Help Center> My Credentials> User Guide> Temporary Access Key (for Federated Users)
Updated on 2022-09-15 GMT+08:00

Temporary Access Key (for Federated Users)

A temporary access key is an identity credential that has temporary access permissions. It consists of an access key ID (AK) and a secret access key (SK). AK is used together with SK to sign requests cryptographically, ensuring that the requests are secret, complete, and correct.

After logging in to the management console, users authorized by the administrator can create and delete their own temporary access key on the My Credentials page. Only federated users can create a temporary access key on the My Credentials page. For accounts and IAM users, see Access Keys.

If a user cannot log in to the console or does not have permissions to visit the My Credentials page, the administrator can manage permanent access keys for the user in IAM.

If you are a federated user, you are advised to use a temporary access key.

Differences Between Temporary and Permanent Access Keys

Temporary and permanent access keys work almost in the same way and only have slight differences.
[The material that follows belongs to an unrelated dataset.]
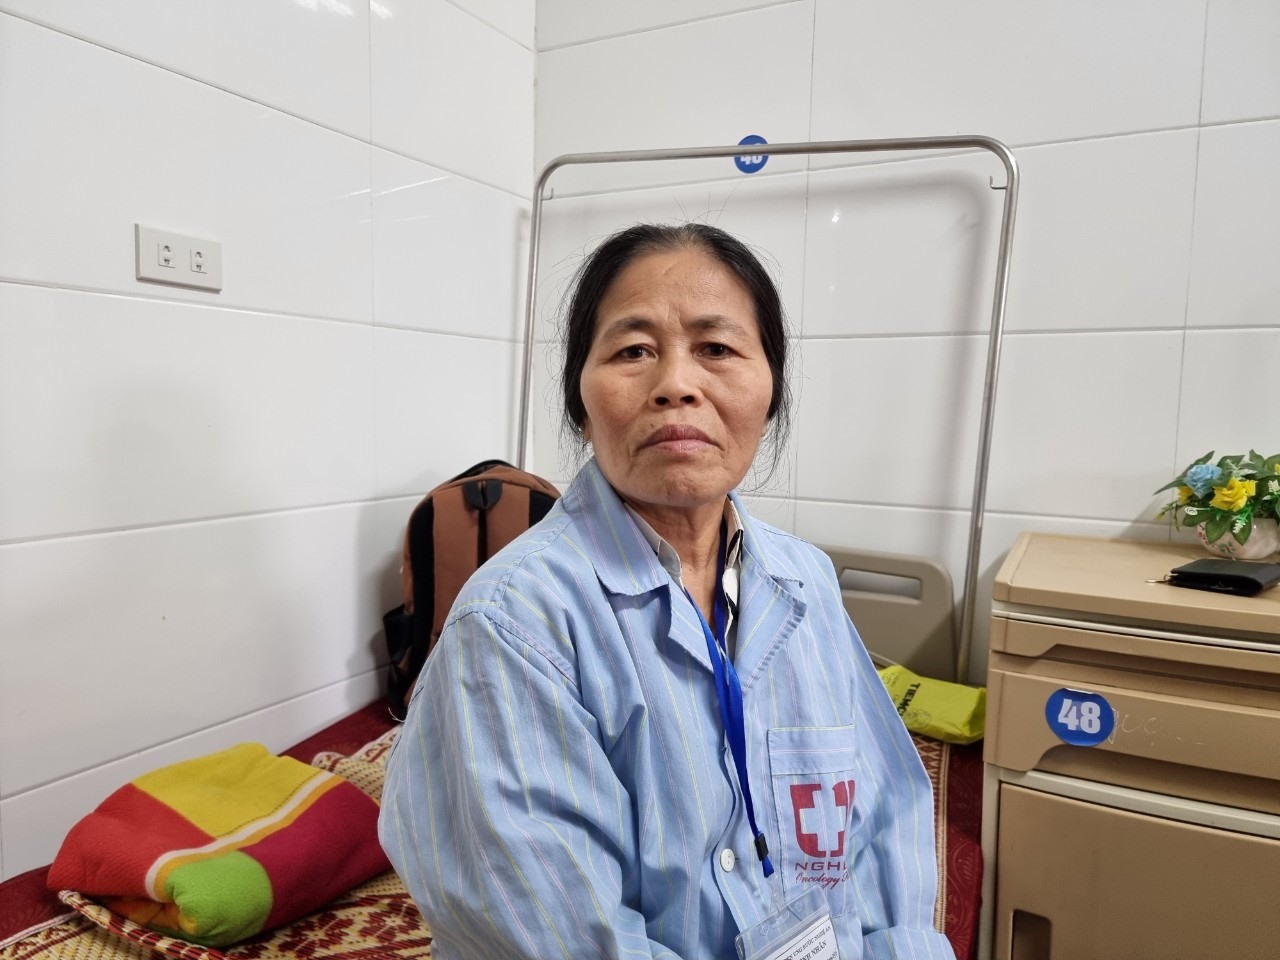 Bà Nguyễn Thị Xuân (60 tuổi), trú xã Long Sơn, huyện Anh Sơn phải điều trị nội trú do bị u tuyến giáp. Ảnh: Quang Đại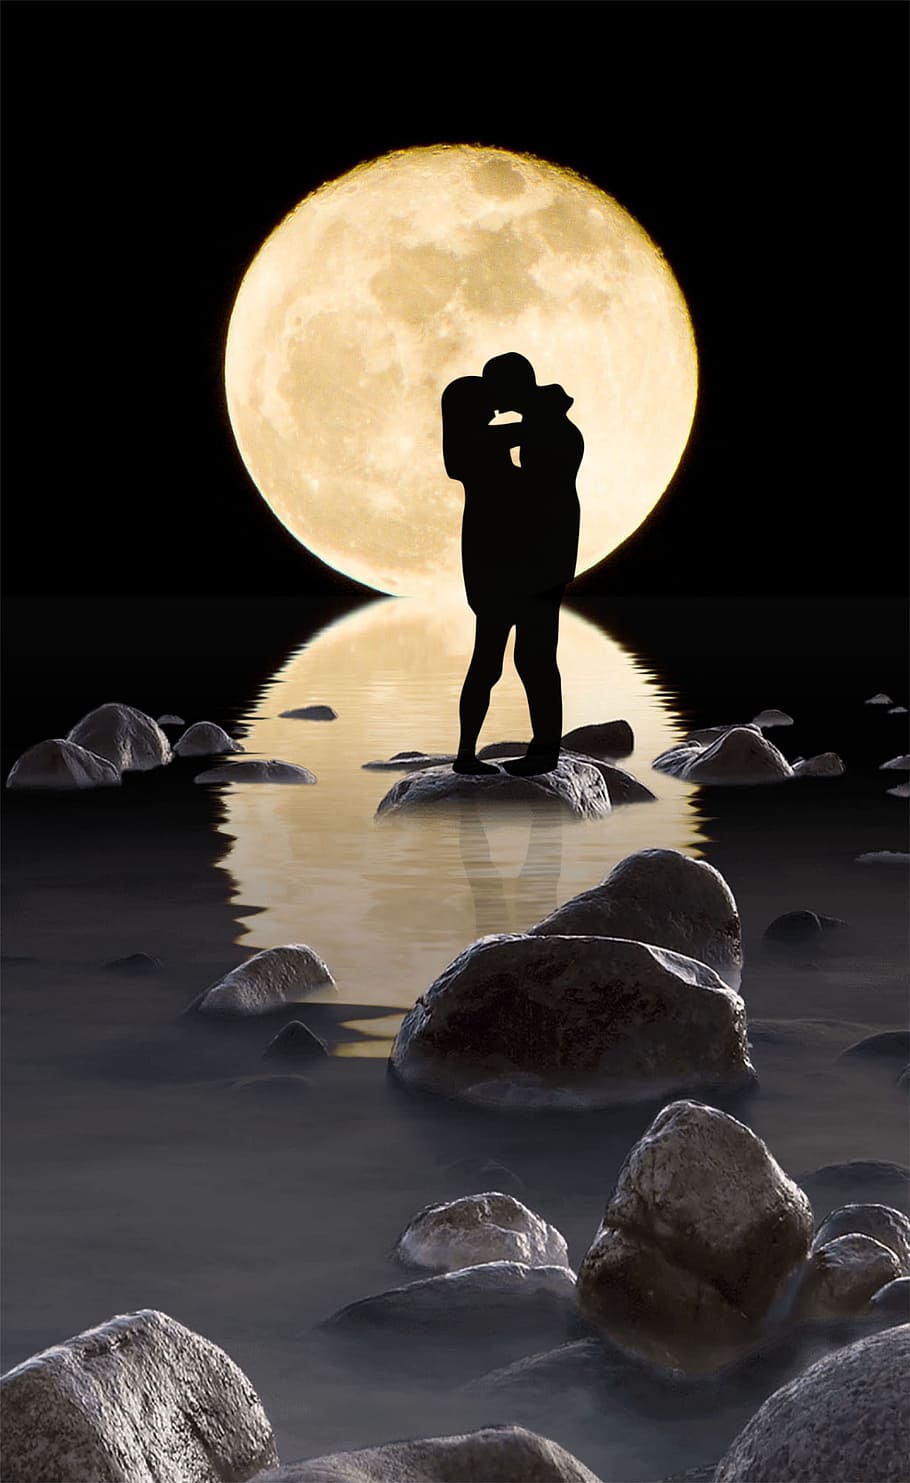 シルエット写真 男 女 月 カップル キス 反射 ロマンチック 水 背景 Pxfuel

Table 1 Differences between temporary and permanent access keys


Temporary Access Keys

Permanent Access Keys

Validity period

15 minutes to 24 hours

Unlimited validity


Unlimited and can be generated repeatedly

2 access keys for each IAM user

Creation method

Generated dynamically, cannot be embedded into applications or stored for later use, and must be generated again after expiration. For details, see Creating a Temporary Access Key.


Credential management

Cannot be deleted, enabled, or disabled and will be automatically invalidated and cleared when they expire.

Can be deleted, enabled, and disabled by the administrator on the IAM console.


  1. To ensure account security, keep the temporary access key secure and set a proper validity period for it.
  2. If you are an administrator, you can view the AK of an IAM user on the user details page. The SK is kept by the user.

Creating a Temporary Access Key

  1. On the management console, hover over the username in the upper right corner and choose My Credentials from the drop-down list.
  2. Choose Permanent Access Key from the navigation pane.
  3. In the upper right corner of the page, set a validity period from 15 minutes to 24 hours.
  4. Click Generate in the Operation column.

    After the access key is created, view the AK, SK, and STS token in the access key list.

    When you refresh the Temporary Access Key page, the AK, SK, and STS token content are cleared, but they will stay valid before they expire. Keep the access key properly.